A test item extract of Slags, ferronickel-manufg./Electric Furnace Slag/ Converter Slag was investigated for a possible potential to induce micronuclei in Chinese hamster V79 cells in vitro in the absence and presence of metabolic activation with S9.
The test item was extracted in cell culture medium at a weight/volume ratio of 0.2 g/mL for 72 h ( 2 h) at 37 °C ( 1 °C) according to ISO 10993-3, 2003 and ISO 10993-12, 2007. The extract was centrifuged at room temperature for 5 minutes at 1000 g. The test item extract was diluted in cell culture medium prior to treatment and the pH of the solution was adjusted to 7.0.
In experiment I with and without metabolic activation 100% Extract was selected as highest dose group for the microscopic analysis of micronuclei.
In experiment II without metabolic activation 80% Extract was selected as highest dose group for the microscopic analysis of micronuclei. The following concentrations were evaluated:
Experiment I with short exposure (4 h):
with and without metabolic activation: 60, 80 and 100%
Experiment II with extended exposure (24 h):
without metabolic activation: 20, 40, 60 and 80%
In the main experiment I with and without metabolic activation no biologically relevant increase of the micronucleus frequency was noted after treatment with an extract of the test item.
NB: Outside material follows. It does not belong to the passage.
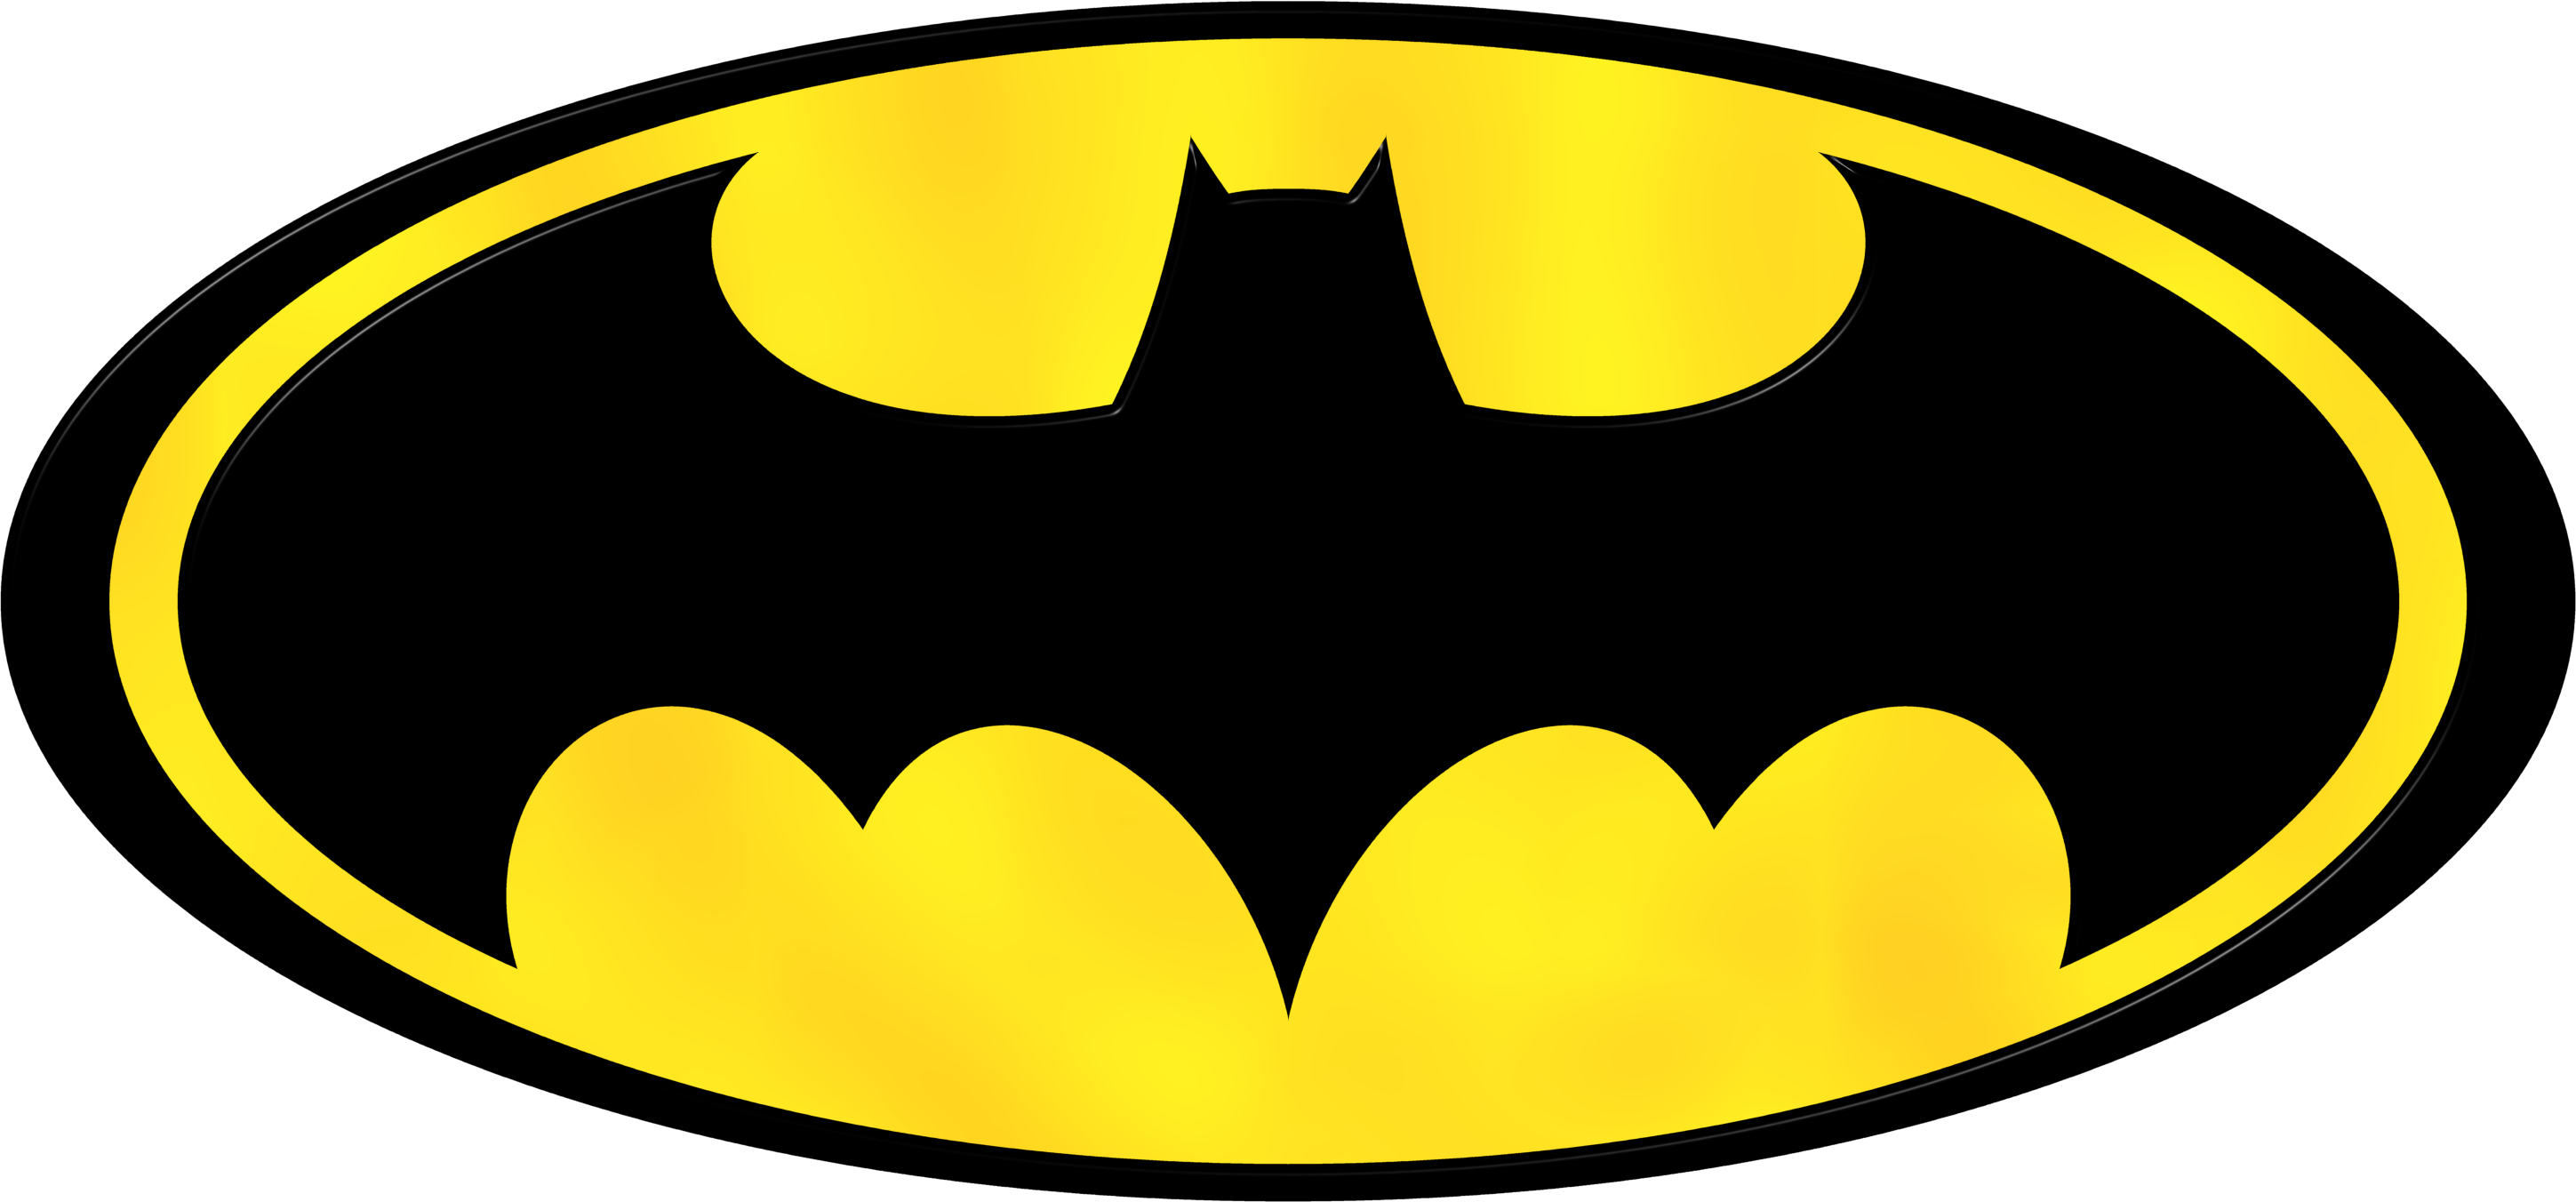 Clipart of batman logo

In the main experiment II without metabolic activation no biologically relevant increase of the micronucleus frequency was noted after treatment with an extract of the test item.
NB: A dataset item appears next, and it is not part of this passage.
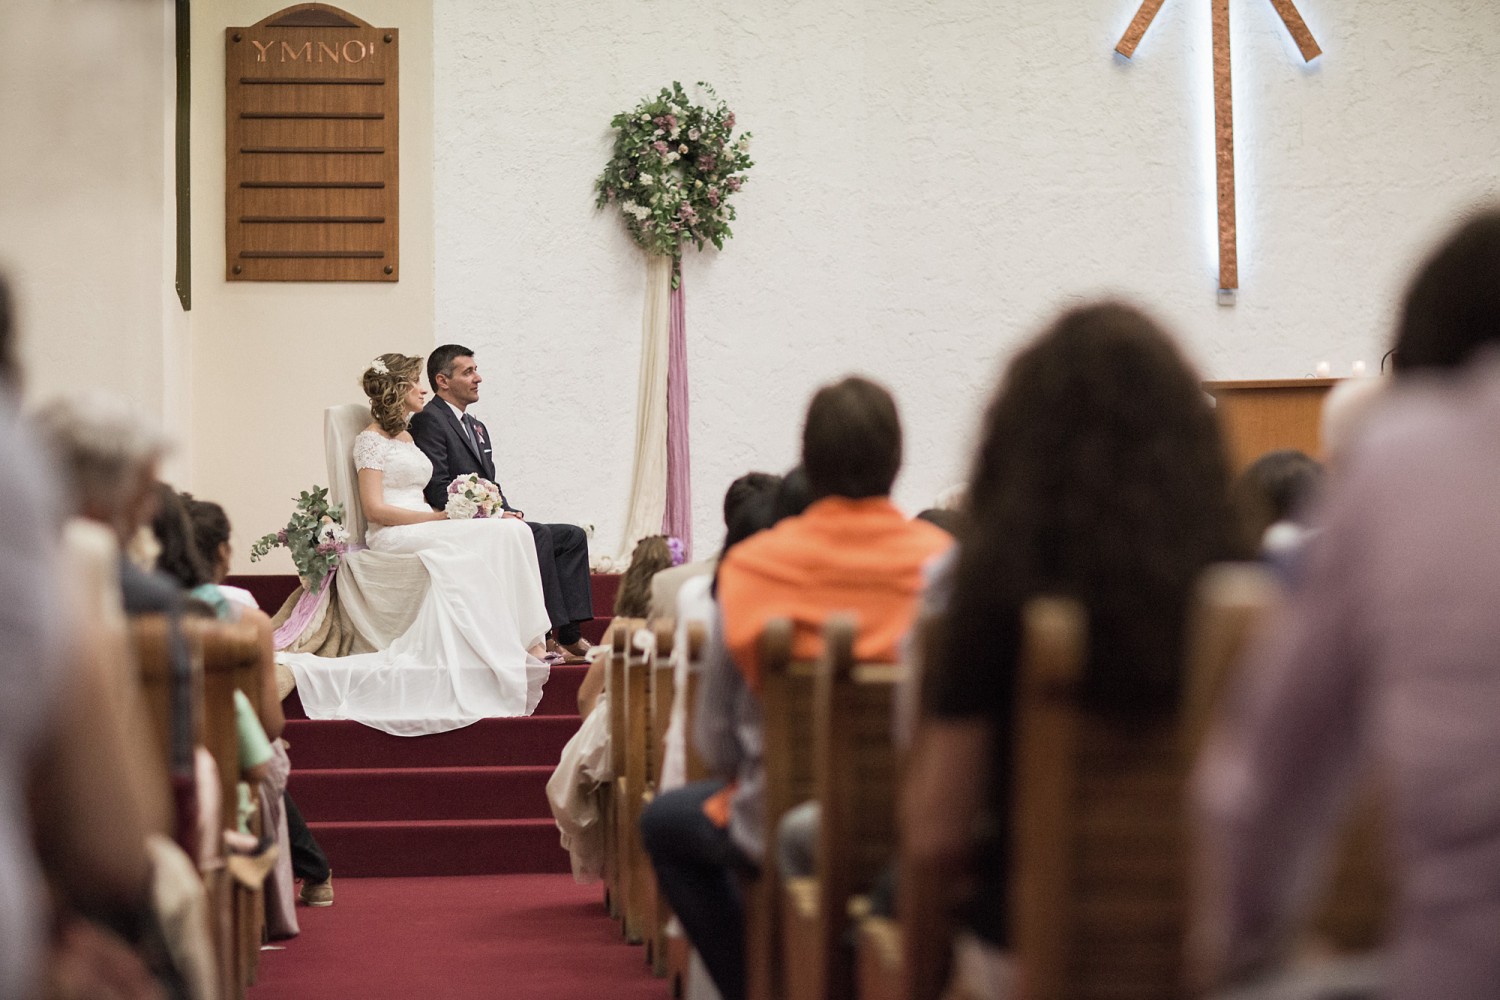 Φωτογράφιες ευαγγελικού γάμου -  Μάκης και Δήμητρα

The nonparametric test was performed to verify the results in both experiments. No statistically significant enhancement (p<0.05) of cells with micronuclei was noted in the dose groups of the test item extract evaluated, except for the test item extract concentrations of 20% and 60% in experiment II without metabolic activation. These values were significantly increased compared to the corresponding negative control. However, the micronucleus frequencies were within the historical control data range of the negative control and no dose-response relationship could be observed.
Based on these data, the number of micronucleated cells found in the groups treated with the test item did not show a biologically relevant increase as compared to the corresponding negative control.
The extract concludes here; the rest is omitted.